Problem description: 
Loading a CSV file that contains the field delimiter (ie: semicolon) within a text field (ie: double quotes) should ignore the field delimiter. It is placed within the text-delimiters to indicate it is part of the text string, and should therefor not be treated as a field delimiter.

We found this bug when trying to load a CSV-export of a database table containing data stored in PHP's serialized data format.

Steps to reproduce:
1. Create a CSV file with the following contents:
"test";"\";\"";EOF
2. Load the file into Calc.

Current behavior:
File imported as follows (with pipes used to illustrate column separators).
test|\|\""|EOF

Expected behavior:
File imported as follows (with pipes used to illustrate column separators).
test|";"|EOF

Platform (if different from the browser): 
              
Browser: Mozilla/5.0 (Macintosh; Intel Mac OS X 10_7_4) AppleWebKit/537.1 (KHTML, like Gecko) Chrome/21.0.1180.89 Safari/537.1
Comment 1 Sören 2012-12-29 21:46:53 UTC
After testing it in
Version 4.0.0.0.beta2 (Build ID: 4104d660979c57e1160b5135634f732918460a0)
on Ubuntu 12.04 (x86)
I think the problem has a different reason, namely that \" is not seen as an escaped quote, and hence interpreted as string delimiters. A CSV-file containing
"test";";t";EOF
gives 
test|;t|EOF
as expected, so the semicolon inside the quotes is indeed interpreted as part of the string, and not as an separator.

As I'm not aware of how CSV-import should handle escaped special characters, I'm unsure if this is a bug.
Comment 2 bfoman (inactive) 2013-03-22 10:32:05 UTC
Changed Summary to reflect real issue in the report.
Comment 3 gmolleda 2013-04-05 05:57:19 UTC
Confirmed error in LibreOffice Calc 4.0.1.2

Using menu Insert - Sheet From File...

If you create with text editor the file with text:
1<TAB>"text with <NEWLINE ENTER>
a newline character in text before close"<TAB>3

Save text, I have a newline into text field, the text field is with "

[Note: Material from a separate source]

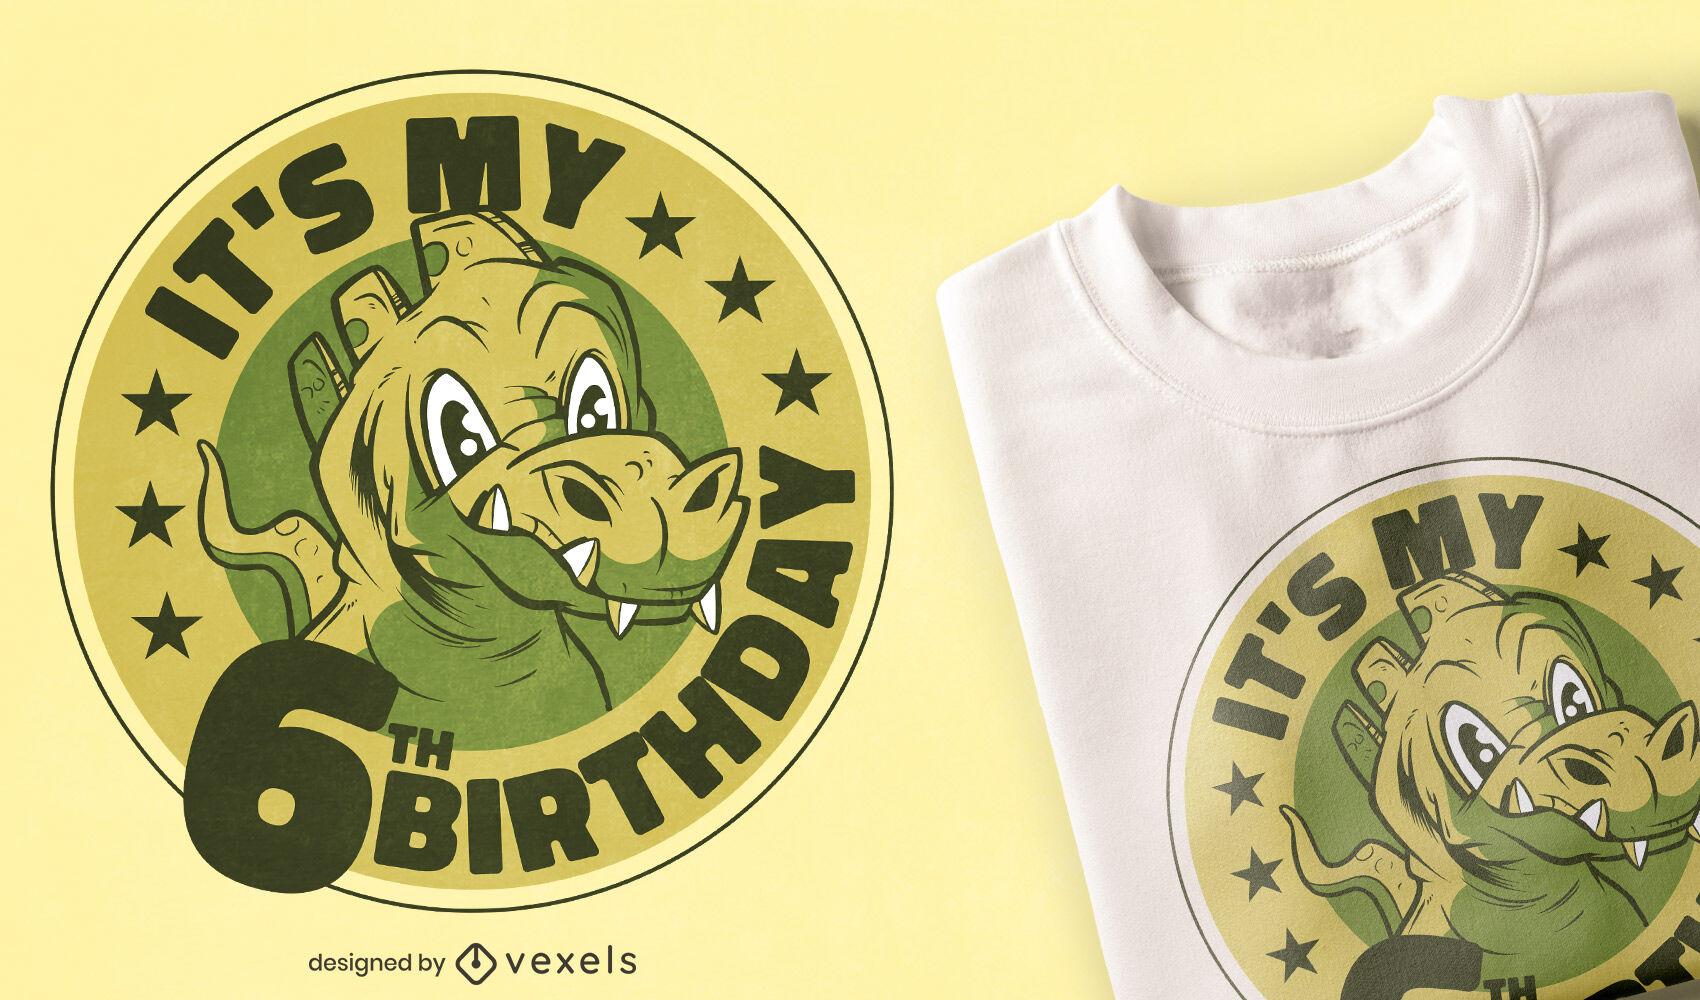 Dinosaurier sechster Geburtstag T-Shirt Design

Insert this file in calc and you will see that the <new line> into "..." change the row and break the text field.

The error:
   A                                           B               C
1  1                                           text with
2  a newline character in text before close"   3

when the correct behaviour must be:
   A             B                                                 C
1  1             text with                                         3
                 a newline character in text before close
2
Comment 4 niknah 2013-04-24 00:30:16 UTC
In most other spreadsheets double quotes in .csv files are saved as ""

http://en.wikipedia.org/wiki/Comma-separated_values  (basic rules section)
http://tools.ietf.org/html/rfc4180 (section 2.7)

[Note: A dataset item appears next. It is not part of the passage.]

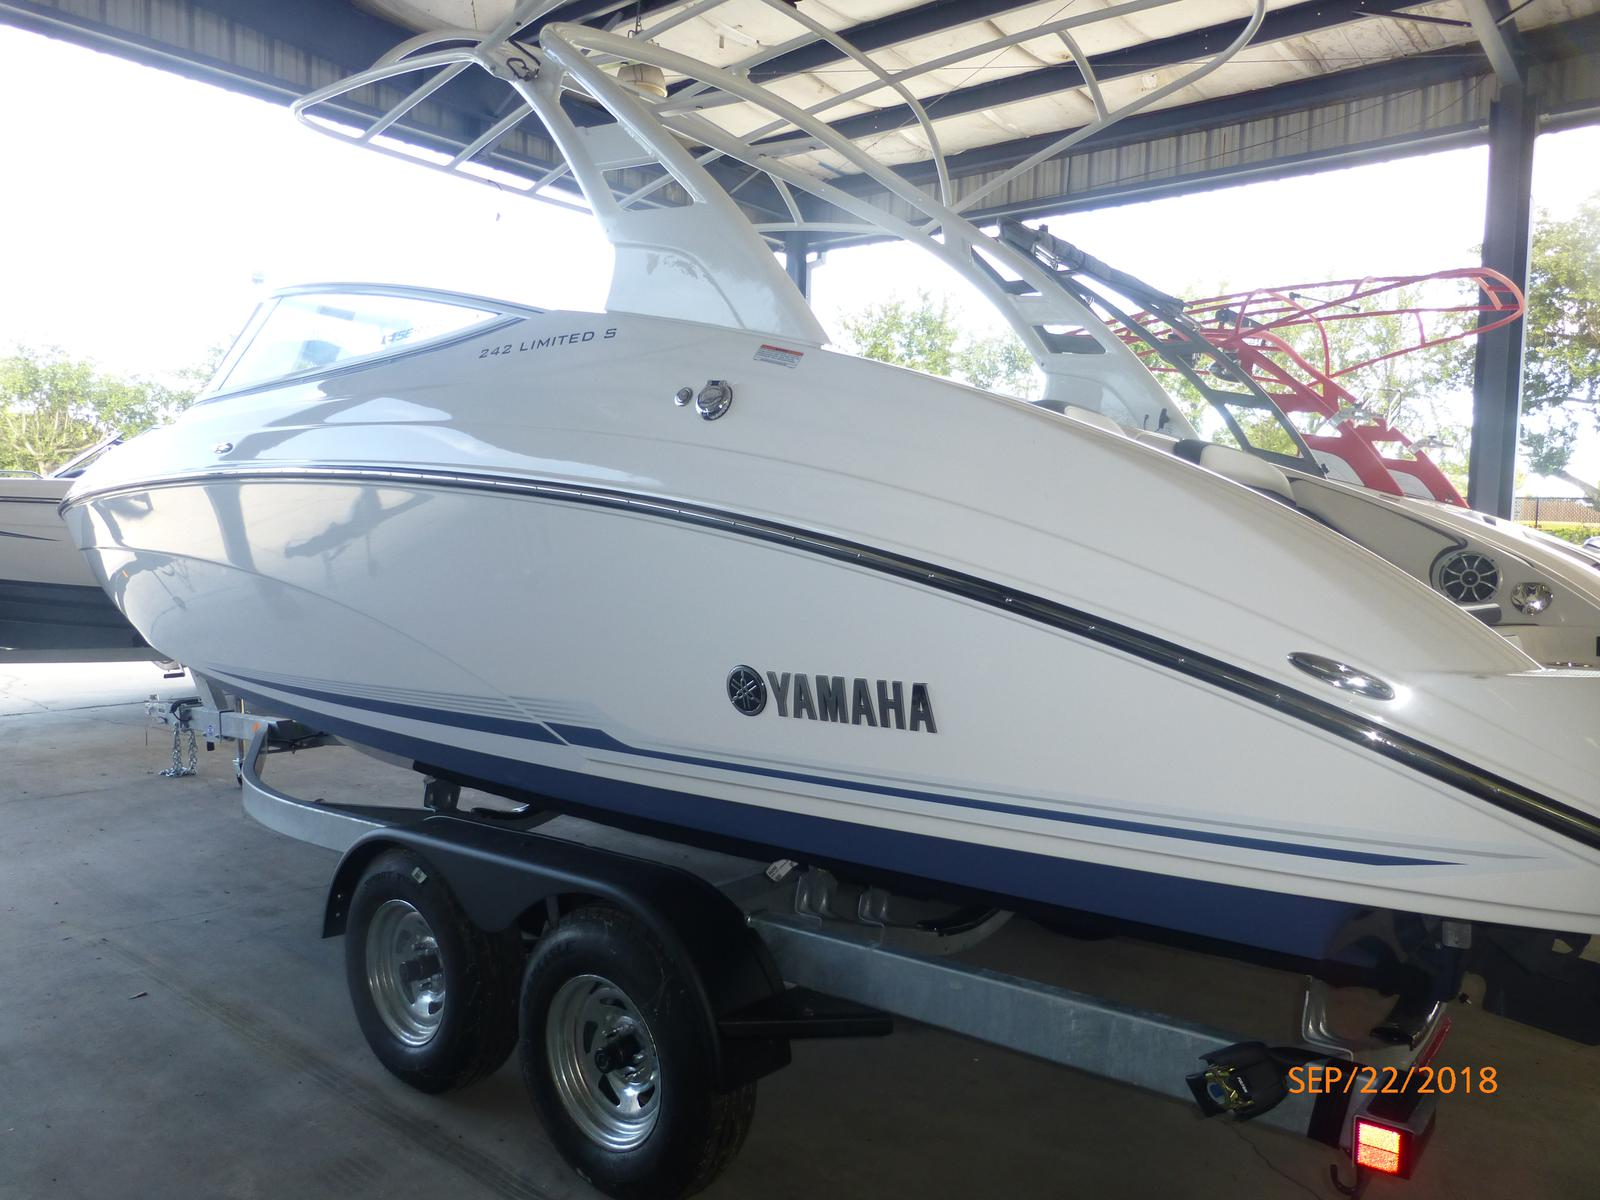 Yamaha 242 Limited S E-Series

At the moment I can't see anyway to open up .csv files with values in double quotes.  The only way I can think of is to convert them into unicode double quotes.
Comment 5 Alex Thurgood 2015-01-03 17:40:47 UTC Comment hidden (no-value)
Comment 6 QA Administrators 2016-01-17 20:03:57 UTC Comment hidden (obsolete)
Comment 7 QA Administrators 2017-03-06 14:19:24 UTC Comment hidden (obsolete)
Comment 8 Buovjaga 2018-06-22 12:20:06 UTC
*** Bug 118007 has been marked as a duplicate of this bug. ***
Comment 9 QA Administrators 2019-06-23 02:51:46 UTC Comment hidden (obsolete)
Comment 10 Josep Lladonosa 2019-10-15 07:13:23 UTC
(In reply to Sander Bol from comment #0)
> Created attachment 67324 [details]
> An example file containing a reduced test case.
> 
> Problem description: 
> Loading a CSV file that contains the field delimiter (ie: semicolon) within
> a text field (ie: double quotes) should ignore the field delimiter. It is
> placed within the text-delimiters to indicate it is part of the text string,
> and should therefore not be treated as a field delimiter.
> 

I confirm that this bug is still present in LO 6.3.2.2.

Perhaps the whole module should be reviewed in order to take into consideration

https://www.rfc-editor.org/info/rfc4180

This would solve some of the comments here.